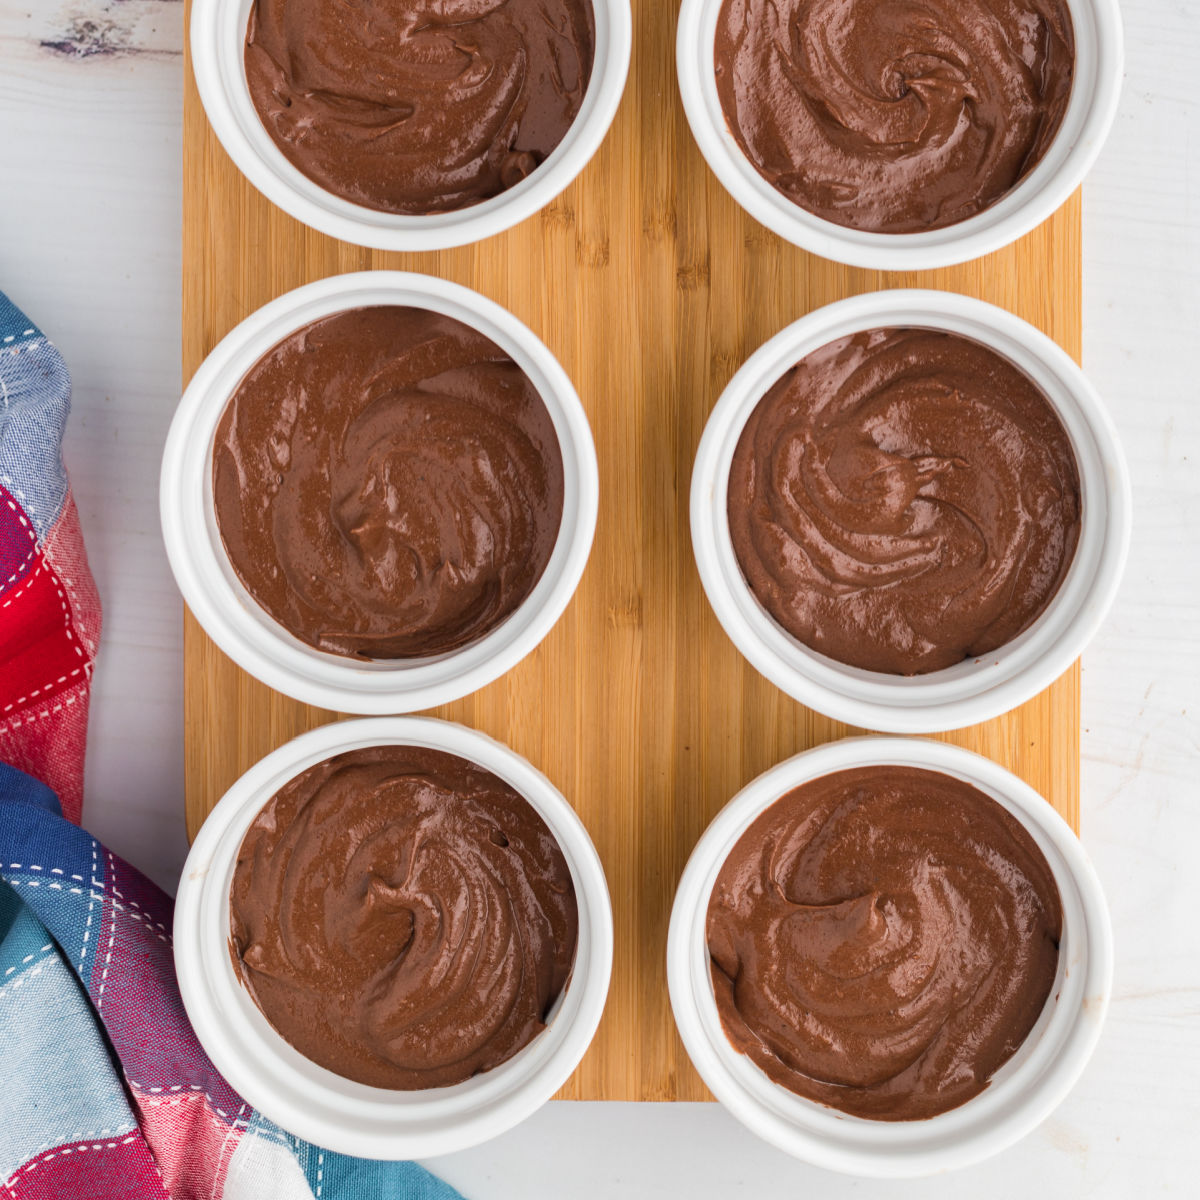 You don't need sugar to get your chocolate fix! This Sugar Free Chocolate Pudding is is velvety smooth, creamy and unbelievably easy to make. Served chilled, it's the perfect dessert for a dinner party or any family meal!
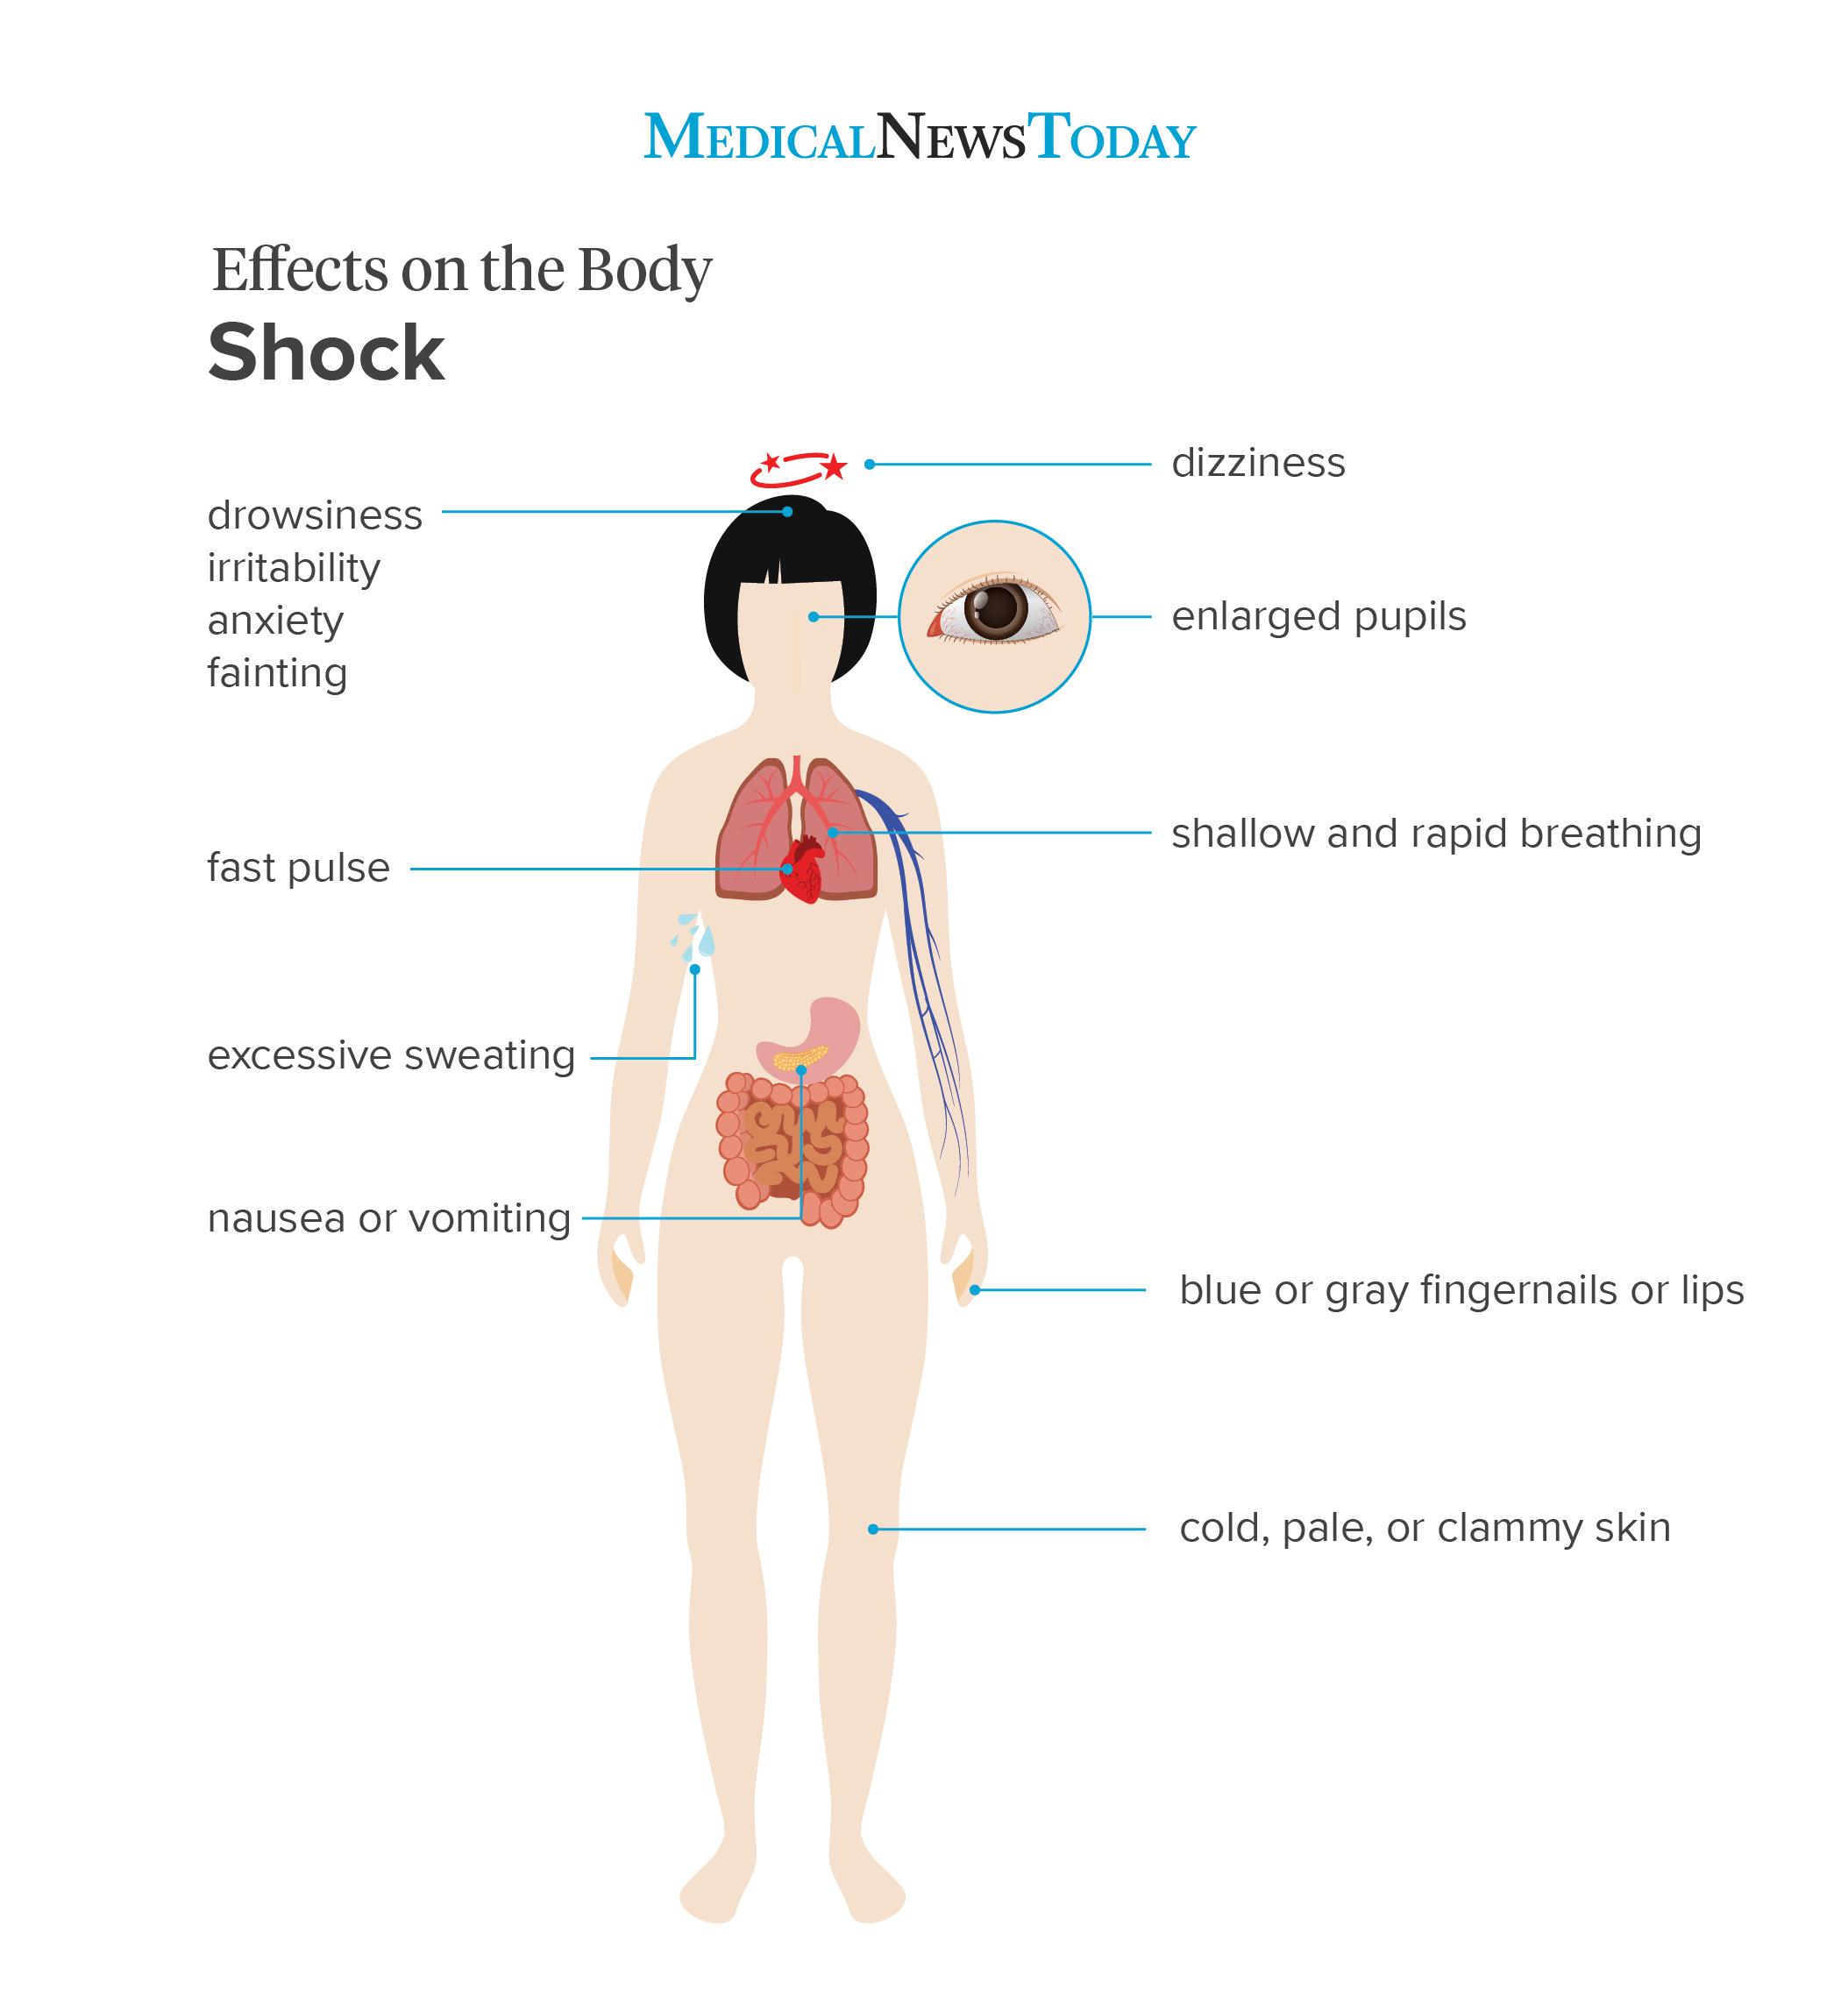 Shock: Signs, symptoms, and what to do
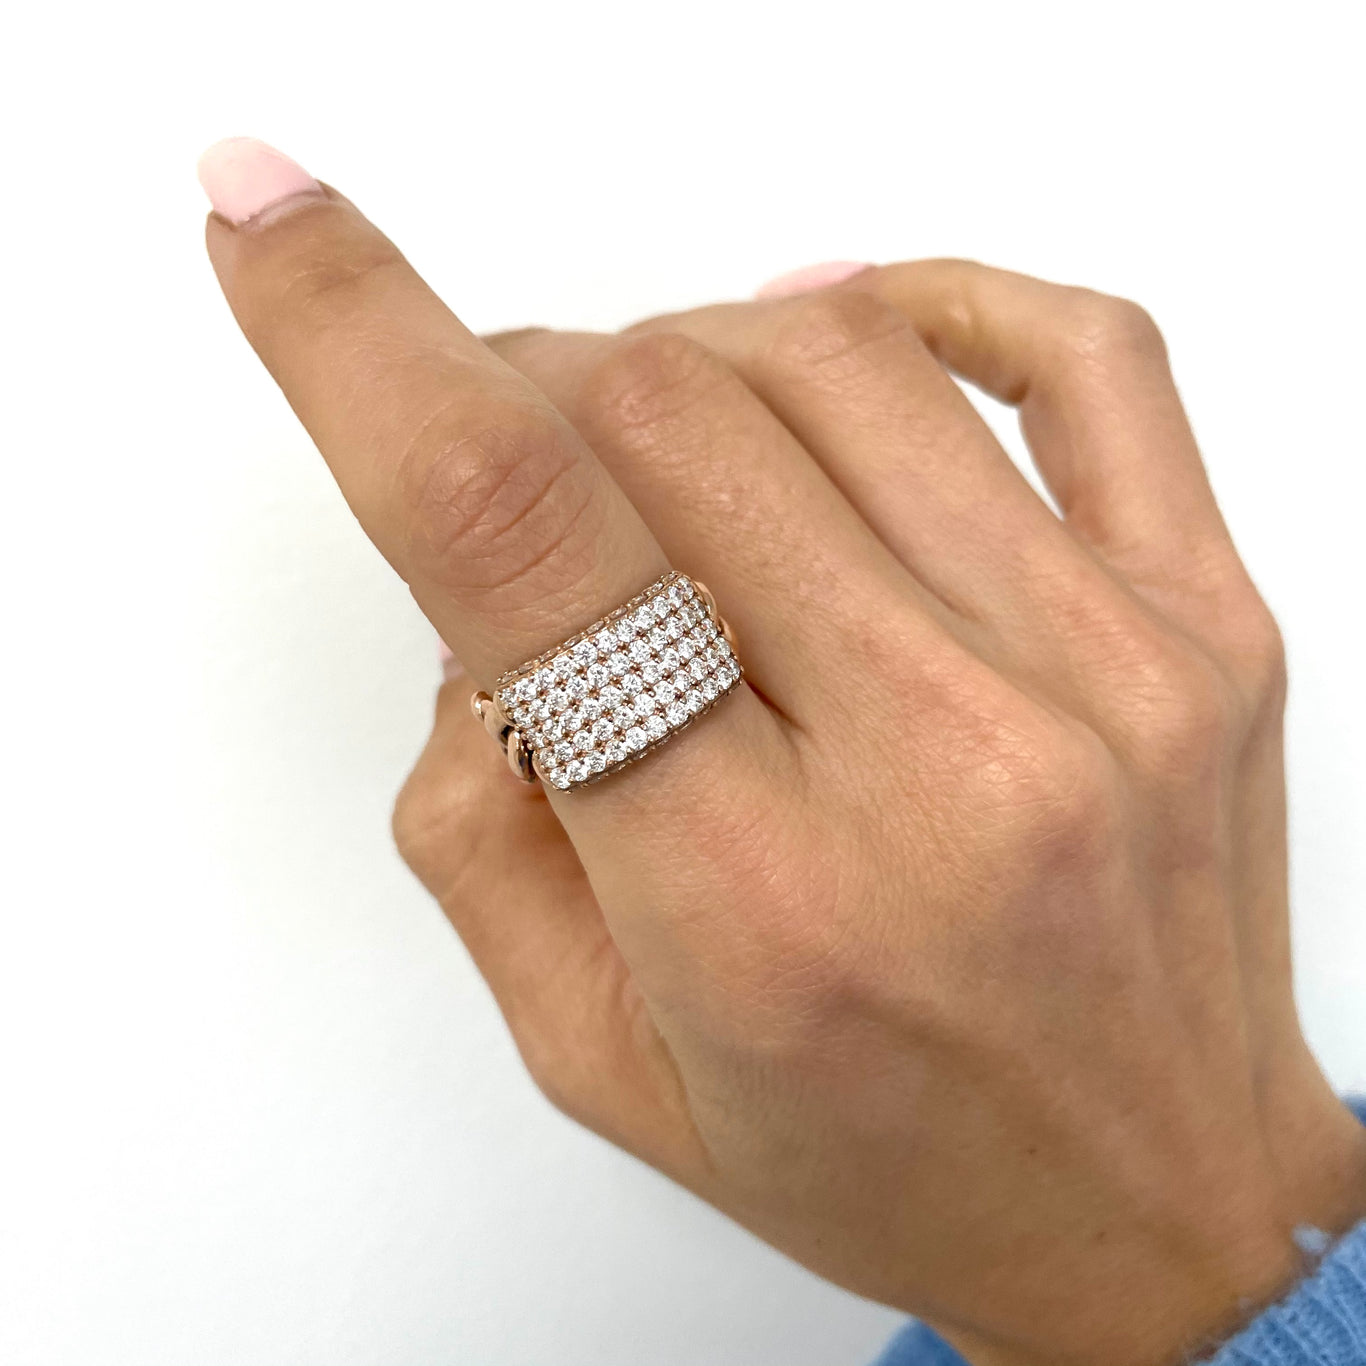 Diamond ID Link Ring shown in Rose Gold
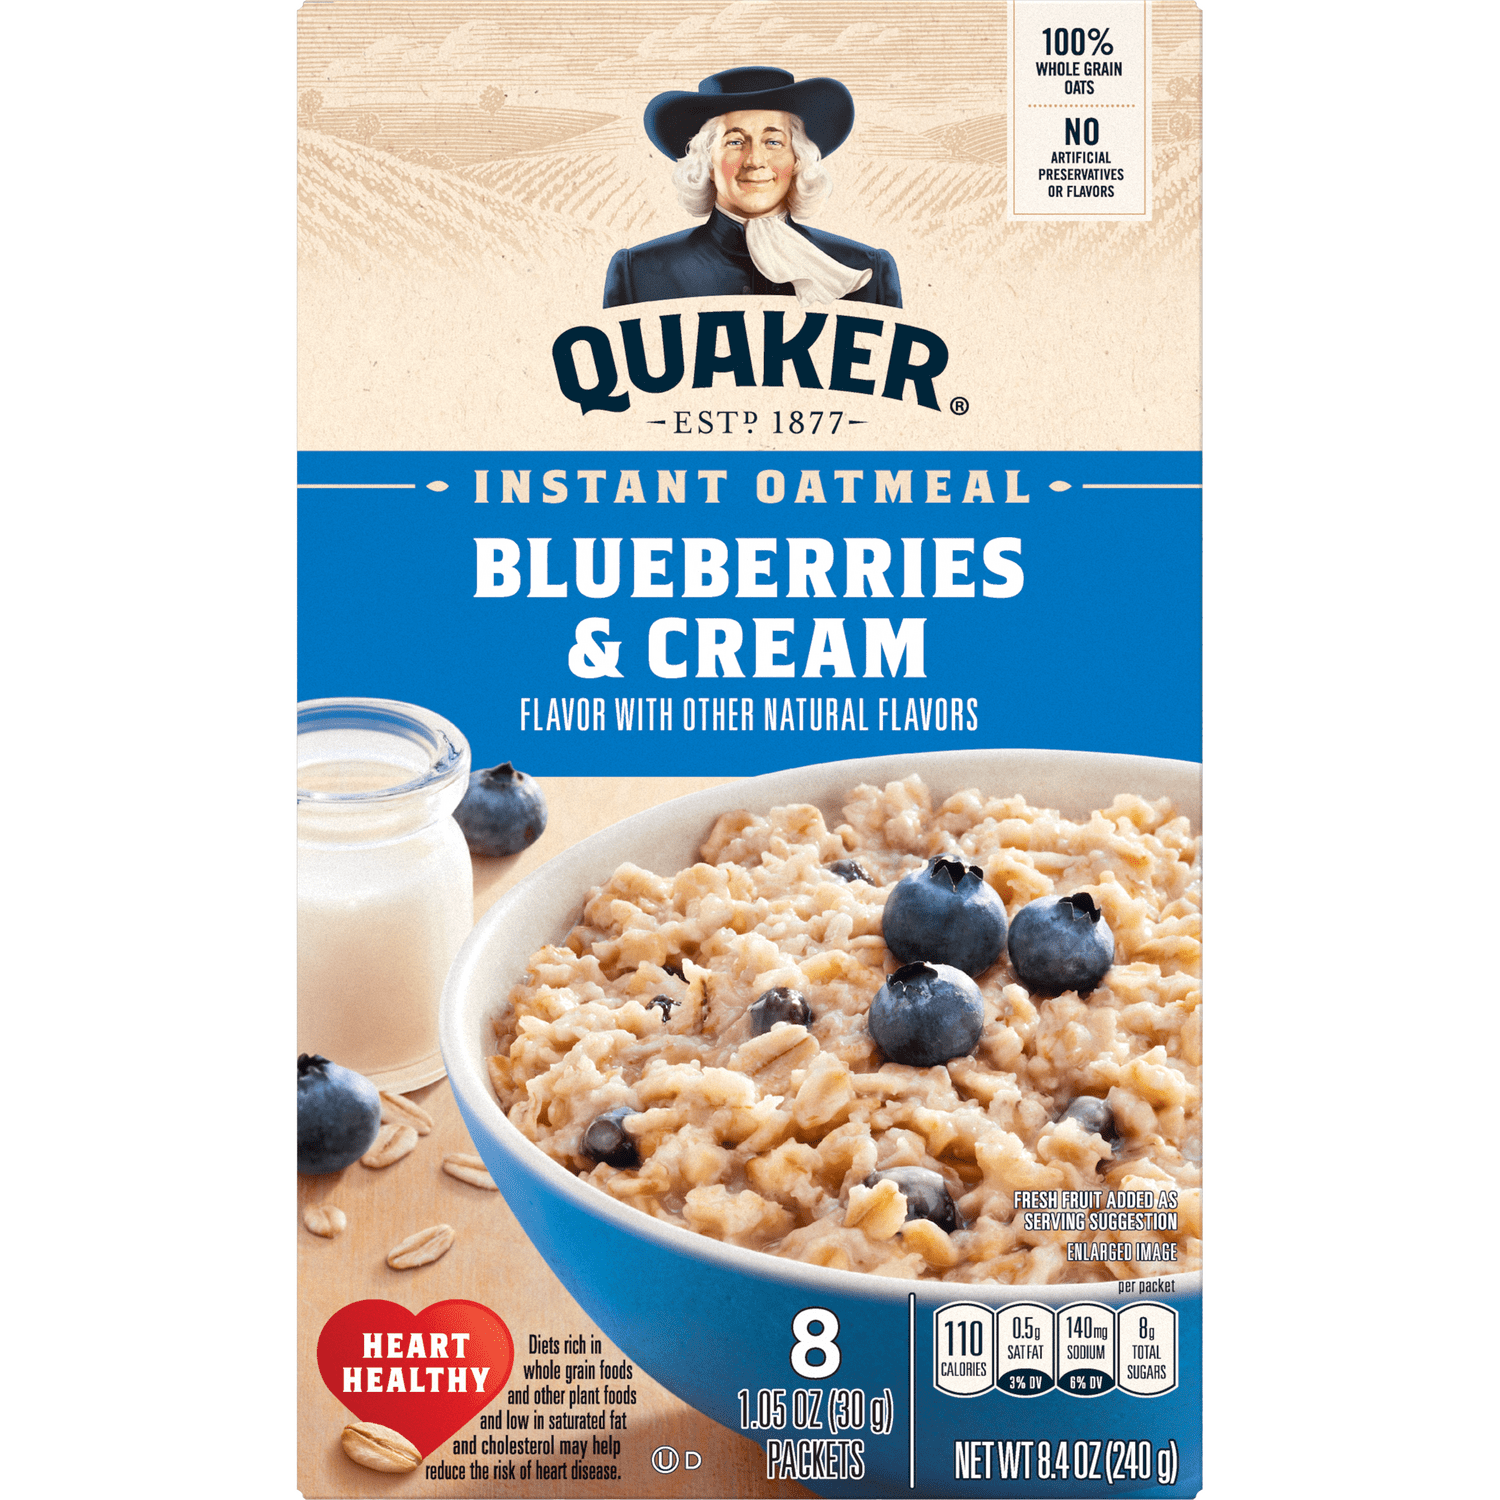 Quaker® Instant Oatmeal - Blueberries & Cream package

········

### Task to carry out
Leave the pictures aside. Set down exactly the lines from the one with "Shock: Signs, symptoms, and what to do" through the final line of the listing above.

### Result below
 Shock: Signs, symptoms, and what to do
 Diamond ID Link Ring shown in Rose Gold
 Quaker® Instant Oatmeal - Blueberries & Cream package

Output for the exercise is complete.